Opponents and proponents of raw milk testified at the Capitol on Wednesday. Senator Dale Schultz (R-Richland Center) called the hearing on legislation (SB 236/AB 287) from state Senator Glenn Grothman (R-West Bend) and Representative Chris Danou (D-Trempeleau). The measure would allow on-farm sales of unpasteurized milk, direct to consumers.
“The farmers themselves drink raw milk, they give it to their employees and to people who visit the farm,” said Grothman. “Despite the fact that millions of people drink raw milk, Wisconsin’s dairy industry continues to thrive.”
Farmer Vince Hundt said allowing sales of unpasteurized milk would being Wisconsin in line with at least 30 other states and much of the rest of the world. “We are free to buy gin, cigarettes and shotguns, but not unprocessed milk,” he said.
Opponents claim raw milk presents a health hazard, especially to children, and that the state’s dairy industry could be damaged if there’s an outbreak of illness.

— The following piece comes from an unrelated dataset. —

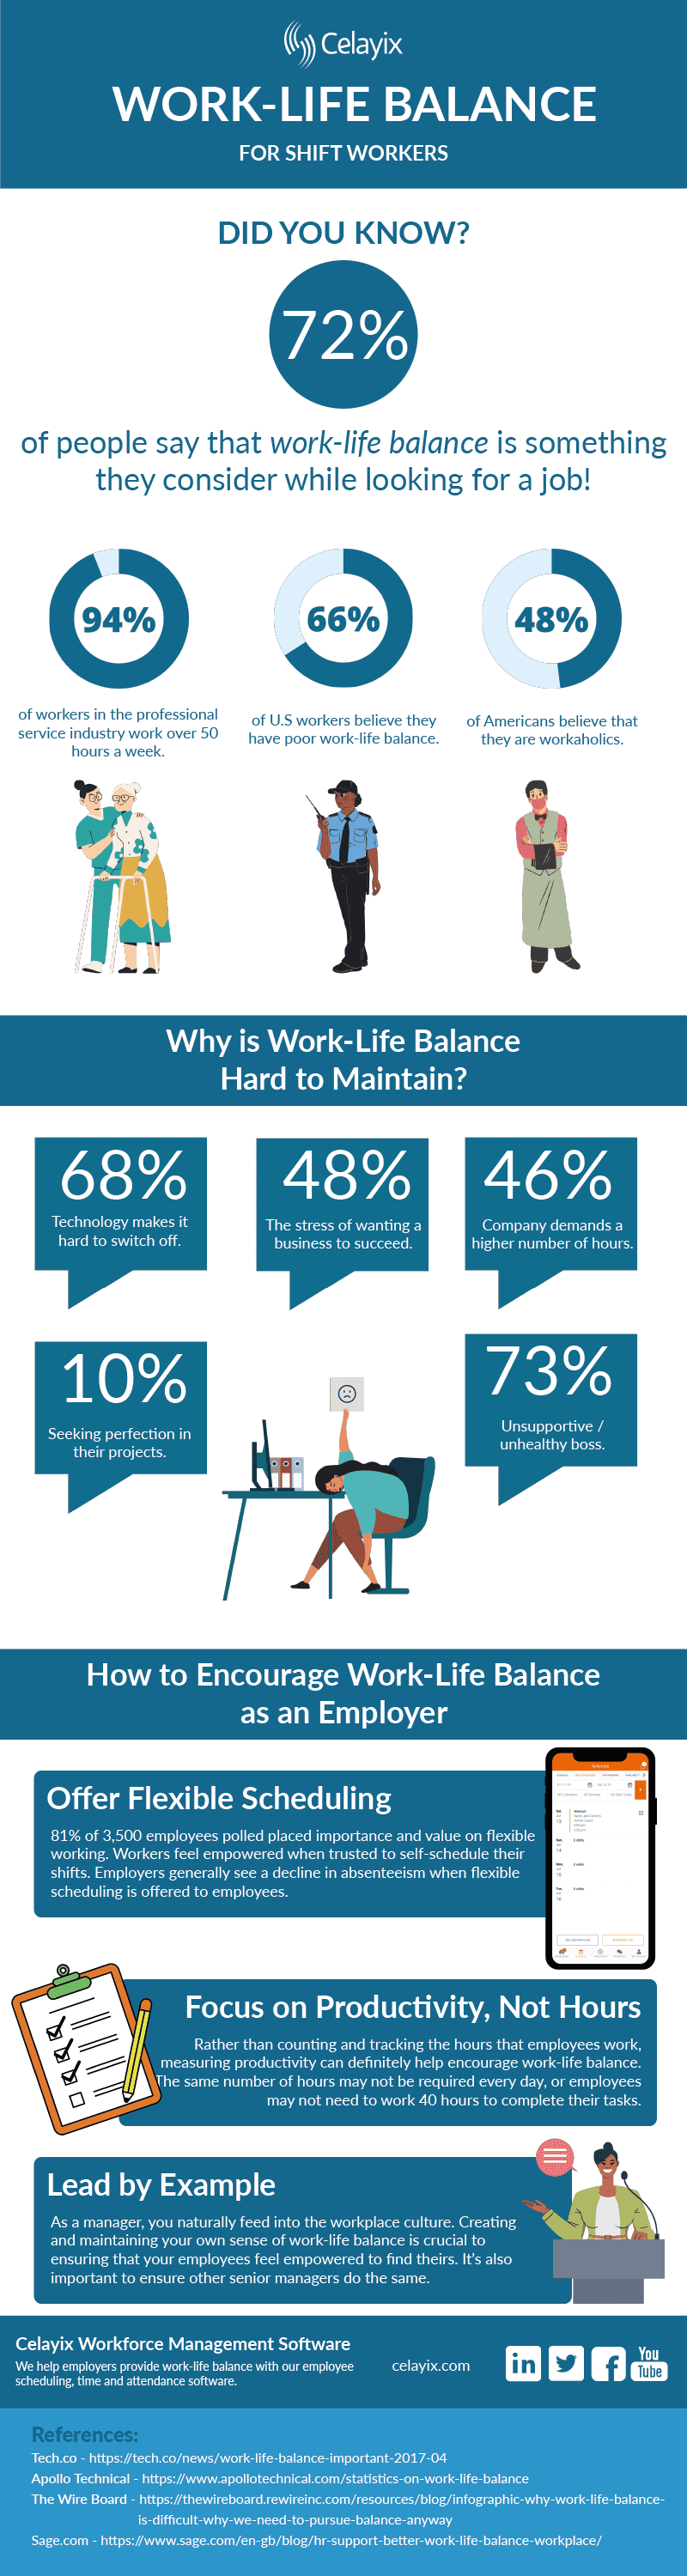 work-life balance infographic
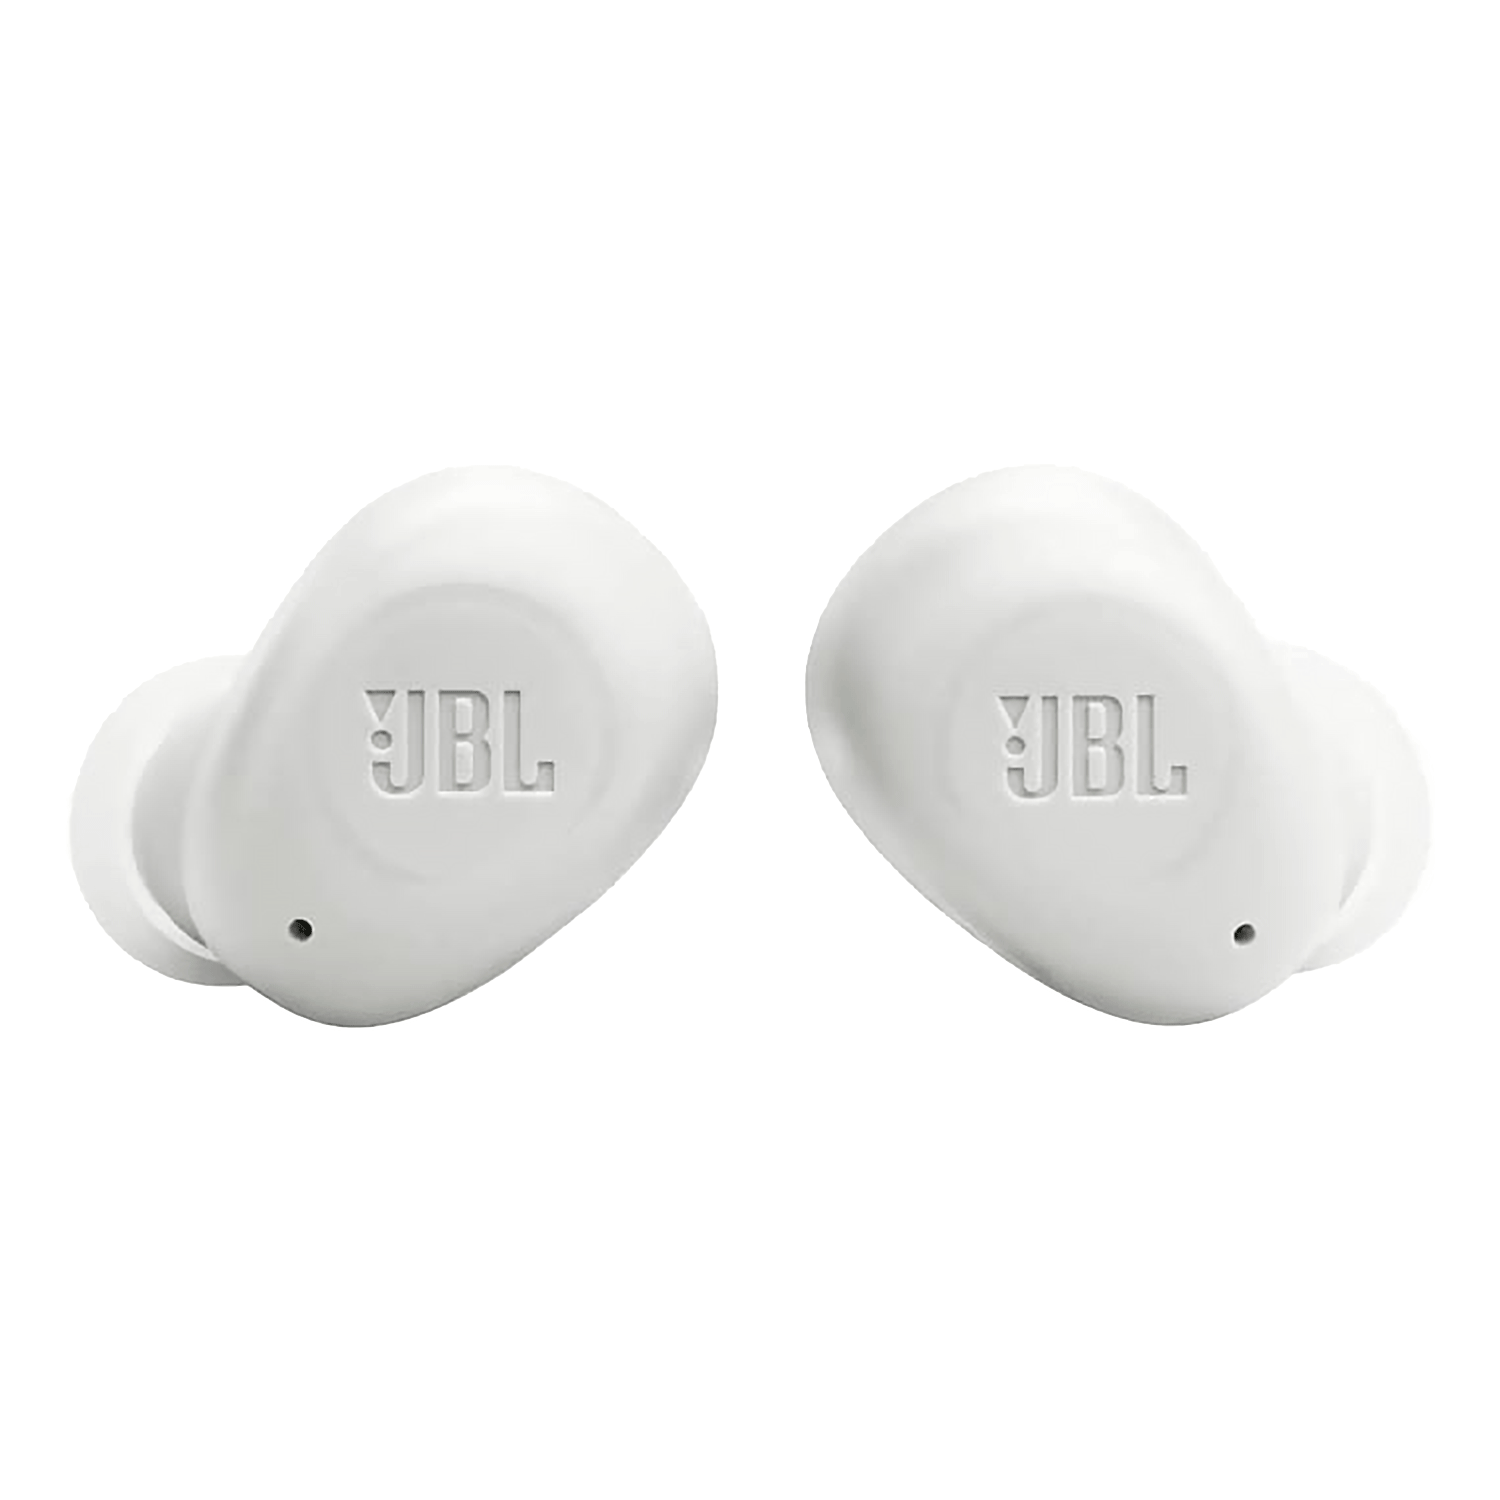 Fone de Ouvido JBL Vibe Buds / Bluetooth - Branco

Shawn Pfaff is a lobbyist for the Dairy Business Association. “There’s just as much emotion and passion and scientific fact on the side to oppose this legislation,” Pfaff said. “It’s nothing personal against Senator Grothman and Representative Danou and their bill.”
A farmer who was acquitted of selling raw milk without a license said he is “mostly opposed” to the bill.
Vernon Hershberger said the proposal wouldn’t treat all farmers equally. “According to what the jury said in Baraboo, I’m allowed to do what I’m doing without license, the other farmers who have a Grade A dairy license it appears would get into trouble if they tried to sell raw milk on the side directly from farm to consumer.”
The dairy industry and numerous groups representing health care professionals oppose the bill because raw milk represents too big a risk, according to Pfaff. “Whether it be the cheesemakers, whether it be the Medical Society or others, we do not see room to compromise, because the product is unsafe,” he said.
But consumers are smart enough to know the difference between potential illness caused by raw milk and regular dairy products, said Mark Kastel with the Cornucopia Institute.
“Can you imagine any media outlet being irresponsible enough to have the headline ‘milk makes people sick’? That would never happen. Reporters and editors would differentiate between the milk that’s commonly available from the grocery store, and milk that’s available directly from the farmer,” said Kastel.
The legislation from Grothman and Chris is not the first effort of it’s kind in Wisconsin. A raw milk bill passed the legislature in 2010, only to be vetoed by Governor Jim Doyle.